Sejamos francos: o que esperar de um filme que se baseia num musical da Broadway, que tem como protagonista um ator de X-Men (Hugh Jackman, que faz o papel de Jean Valjean) e Sacha Baron "Borat" Cohen (como Monsieur Thénardier)?
Imagino que você pensaria duas vezes até decidir assistir. Foi o que aconteceu comigo.
Mas havia aquele outro lado. O filme é a obra de Victor Hugo, nada menos que Os Miseráveis. Esta obra, publicada em 1862, foi um dos primeiros best-sellers mundiais, vendendo 7 mil exemplares em um dia, só em Paris. Trata do período de formação da classe trabalhadora parisiense, que vivia em bairros centrais de maneira extremamente precária (lembrando em muito a descrição dos bairros operários ingleses que Engels faz em A Classe Trabalhadora na Inglaterra).

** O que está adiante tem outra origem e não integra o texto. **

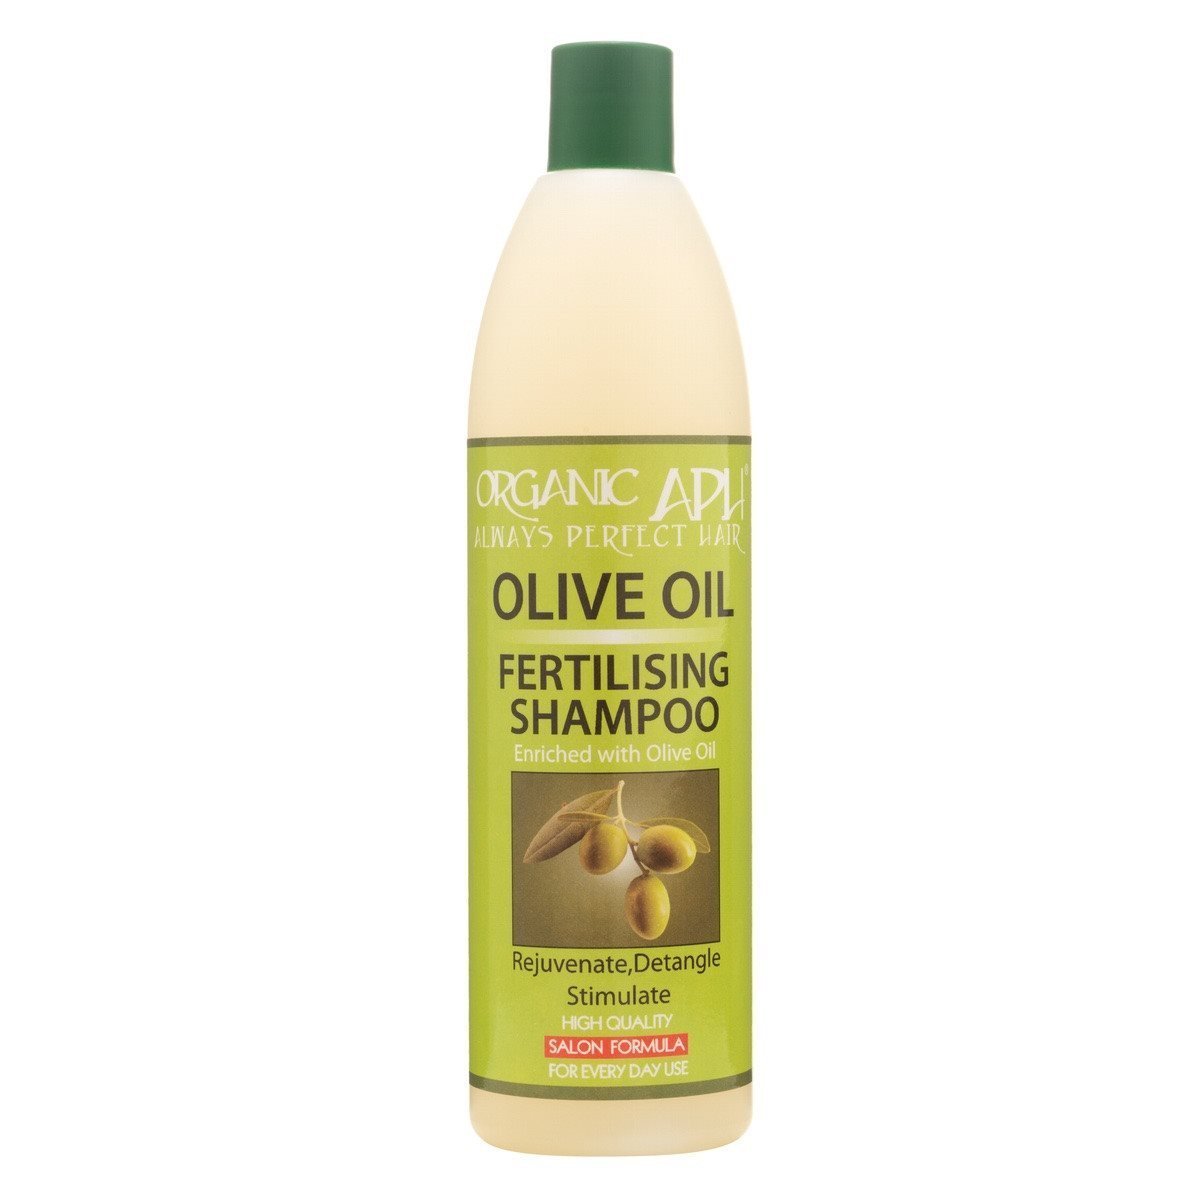 Hair Fertilising Shampoo - Deep Nourishment & Hydration for Healthy, Smooth Hair | 500ml - beautyhair.co.ukShampoo

Hugo descreve a epidemia de cólera que mata 32 mil pessoas em 1832, jogados em fossas comuns. Foi o estopim para inúmeras revoltas, incluindo as barricadas que derrubam Carlos X e que permanecem até 1848.
Apenas como nota de rodapé, lembro que Hugo tinha como pai um ateu republicano (admirador de Napoleão) e uma mãe católica (defensora da Casa Real). Ressalto este detalhe porque com seu pai na frente de batalha, Hugo foi morar num convento abandonado das Feuillantines, citado em Os Miseráveis. Com a Revolução de 1848, Victor Hugo abandona o catolicismo radical e abraça o republicanismo.
Dito isto, o filme surpreende. Primeiro, se concentrou na tradição de ter o texto cantado, fugindo das atualizações recentes de filmes musicais. Acabou por dar um tom mais reflexivo ao texto, porque obriga o espectador a acompanhar o texto para compreendê-lo. Esta escolha acaba por diluir as características marcantes dos atores. Por este motivo, fui pesquisar e acabei por descobrir que Sacha é formado em história pela Universidade de Cambridge! Mais: pesquisava sobre as raízes dos preconceitos contemporâneos!!!
Se a adaptação acaba por escorregar em certo didatismo, o conteúdo da obra é preservado. O sentimento de injustiça e a forte crítica ao establishment são nítidos, chegando ao ápice na cena final. Alguns críticos afirmaram que sentiram uma mera transposição do teatro para a telona. Talvez tenha sido exatamente isto que me atraiu.